PORTLAND, Ore. (KOIN) — At a homeless camp along I-5 at North Lombard, one of the people participating in a recent clean-up lives in the camp and shared his insights into why Portland is stuck in a homeless crisis.
At his camp, he’s frustrated younger homeless people keep bringing in more stuff and doesn’t understand why the city of Portland allows it and why it doesn’t at least provide them with garbage cans.
“We cleaned this area over here twice in 3 weeks,” the man told KOIN 6 News. “Portland don’t want to keep picking it up, picking it up, picking it up. I take care of my area, if I start seeing it getting overflowed, I go over and tell them, ‘Hey man, pick it up or get the hell out of here’.”

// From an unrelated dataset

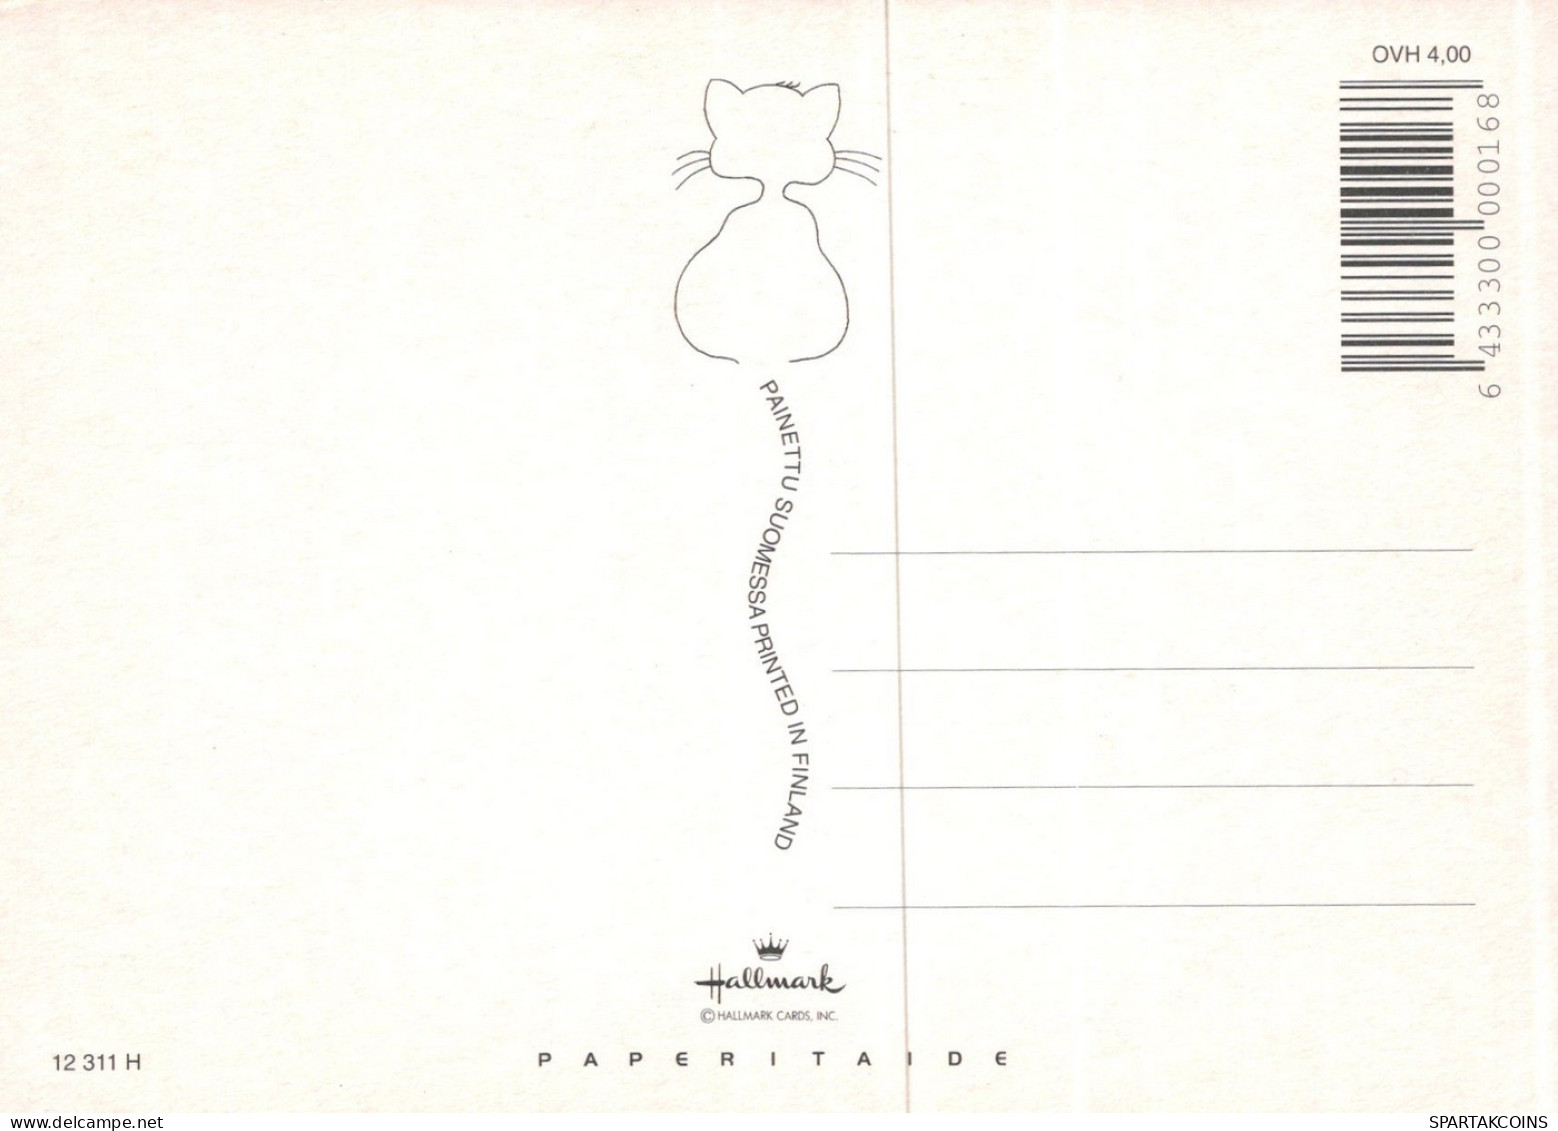 KATZE MIEZEKATZE Tier Vintage Ansichtskarte Postkarte CPSM Unposted #PAM140.A - Cats

The city made a decision during the pandemic to leave many homeless camps alone and decided to try to do a better job helping people in camps gets social services. That takes more time and money.
The man agreed to talk to KOIN 6 News if his identify was not revealed. He didn’t share any personal details about his life beyond saying he’s originally from Texas.
Asked if there are not enough mental health services he said, “For them. You know what I mean? Not me. I’ve seen people get run over right out there (pointing to the freeway on-ramp). People, man. It’s ridiculous.”
Then there’s the drug use.
“Holy macaroni! I ain’t never in my life seen such a bad deal. They’re giving them the money to go buy the dope. They’re, I mean, they can work for it, if anything. You know what I mean? Come on, man! Do something besides give them money and do this and do that and get stupid trash everywhere.”
He’s talking about government financial assistance that some in the homeless camps spend on drugs. That government assistance is supposed to go to living expenses.
Housing is an issue, of course. But “who can afford $1500 a month for a box? That’s sad. That doesn’t coincide their Social Security or whatever they’re getting, you know, for help.”
Data from Multifamily NW and A Home For Everyone shows that since early 2015, “rents in our community have risen much faster than the median income, to nearly $1400 a month for a one-bedroom apartment in Portland. … Meanwhile, more than 21,000 people in Multnomah County rely on federal disability checks that top out at $794 a month.”
“Every major forecast is predicting continued rent increases in Portland Metro,” wrote Multifamily NW in its Fall 2021 Apartment Report. “This will be driven by steady population growth, decreasing number of units under construction, and declining vacancies.”
The man from Texas was working alongside Terrance Moses who runs Neighbors Helping Neighbors. Through donations to his non-profit, Moses cleans up camps and tries to help people living on the fringe.
“What you should really know is that a lot of our houseless neighbors aren’t here by choice and yes, there’s a segment of them that are here by choice,” Moses said. “And the stigma of dehumanizing them, what other folks don’t know about it is that it is very hurtful and traumatizing to an already traumatic incident.”
Moses said we can’t build enough brick-and-mortar buildings in a timely and urgent way. “But what we do need is more tiny homes or just land and let them pitch their tents or put the RVs, but still provide them the services.”
He added the reason many homeless people seem to hoard garbage is really simple. “When you’re homeless and you have absolutely nothing, everything you touch becomes a prize possession. And they want to hold on to everything.”
While the man from Texas didn’t want to share how he ended up in this homeless camp, he did say the City of Portland is enabling the crisis he’s part of.
City leaders, he said, are “giving up too easy. The political people are just giving up. They don’t, they don’t, they don’t care to deal with it. They don’t want to deal with it and they’re not going to deal with it. They’re going to pass the buck to somebody else. It’s a little bit easier.”